TASK ITEM: Repeat each line of the material below exactly as it appears, minus any pictures.

AVAILABLE DATA:
__________
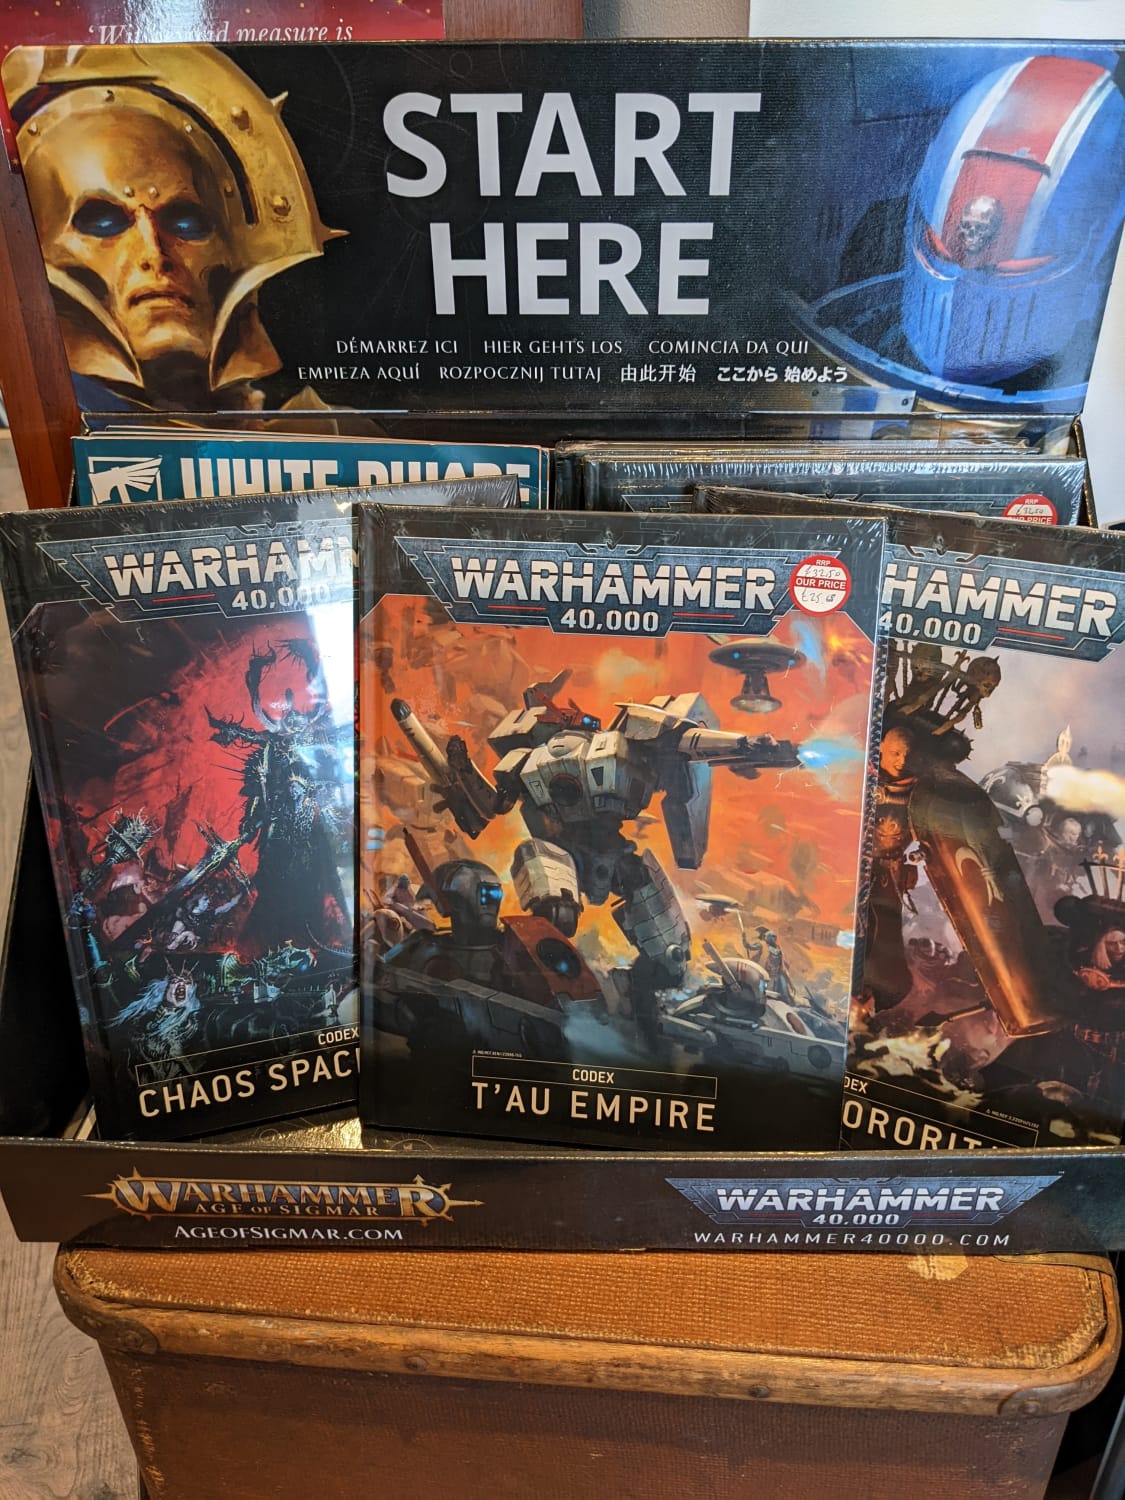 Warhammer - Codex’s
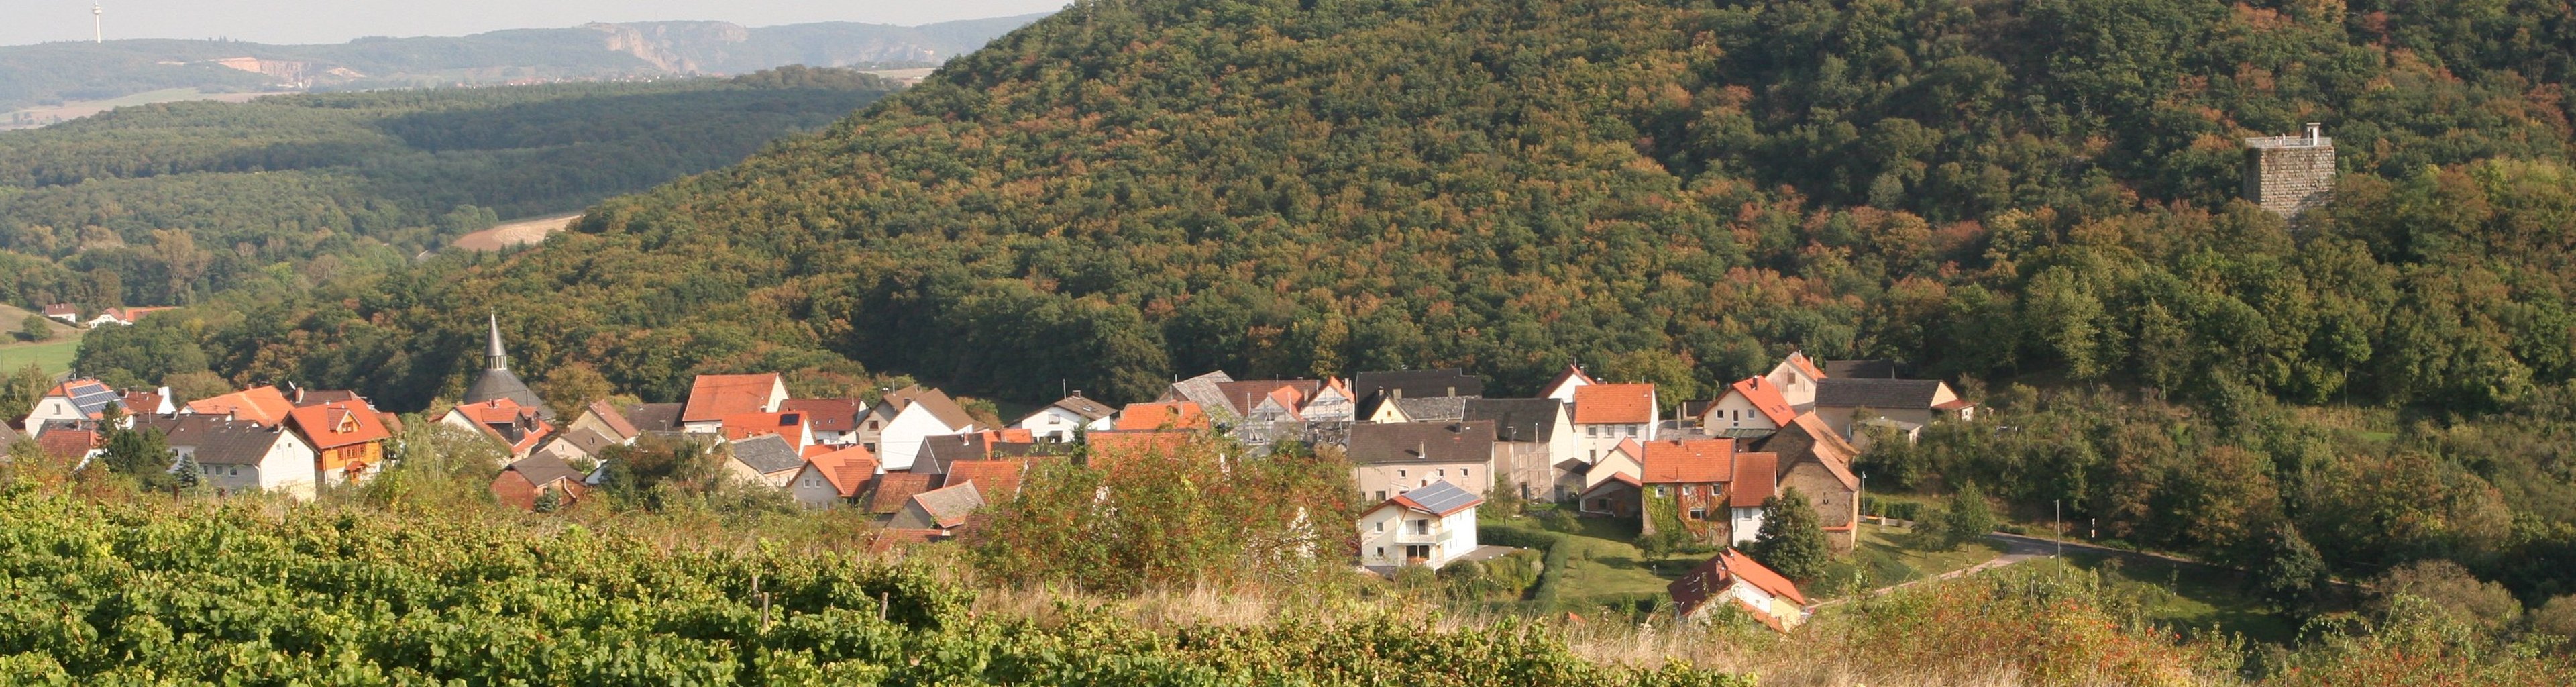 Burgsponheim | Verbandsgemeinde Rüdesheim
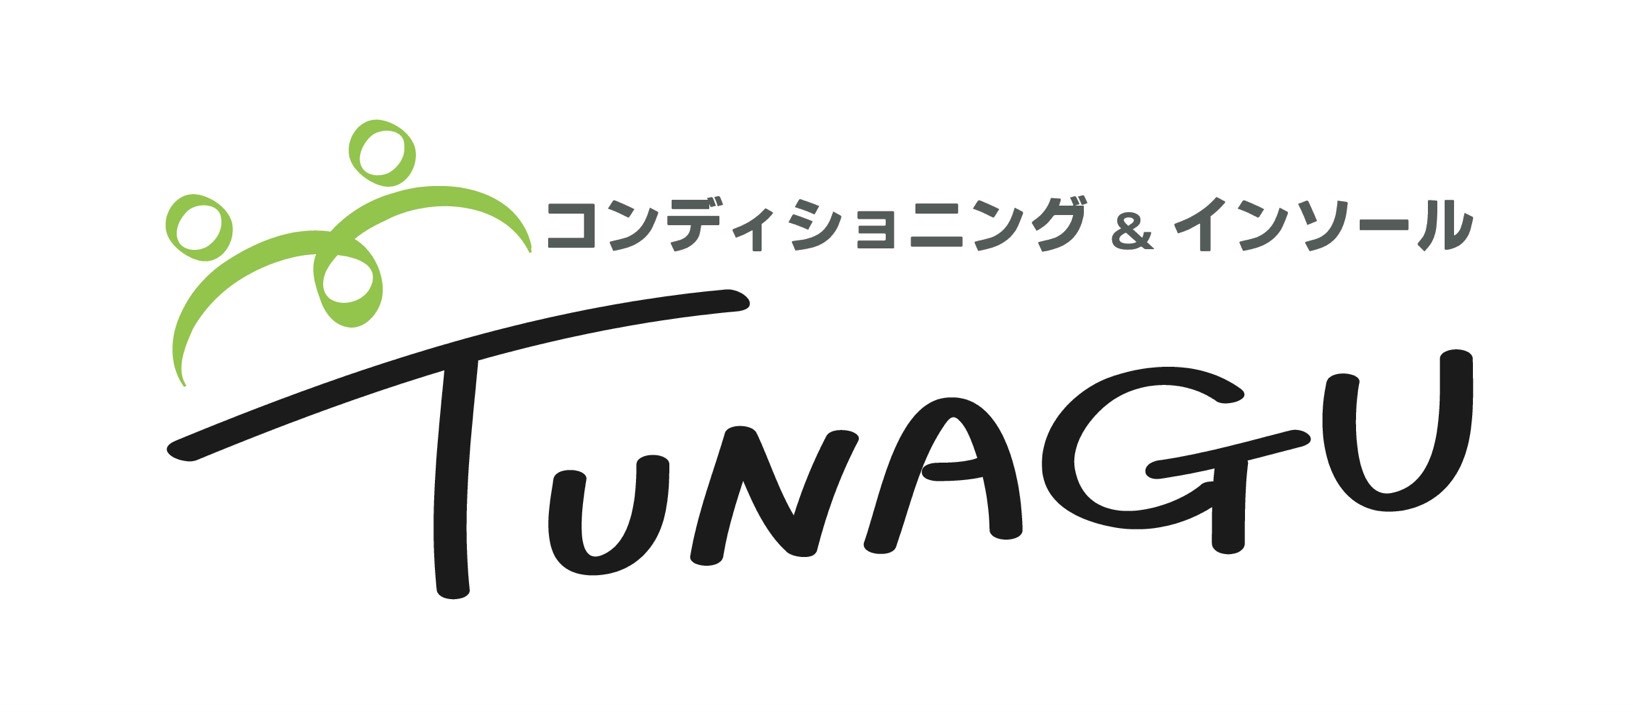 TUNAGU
__________
YOUR SOLUTION:
 Warhammer - Codex’s
 Burgsponheim | Verbandsgemeinde Rüdesheim
 TUNAGU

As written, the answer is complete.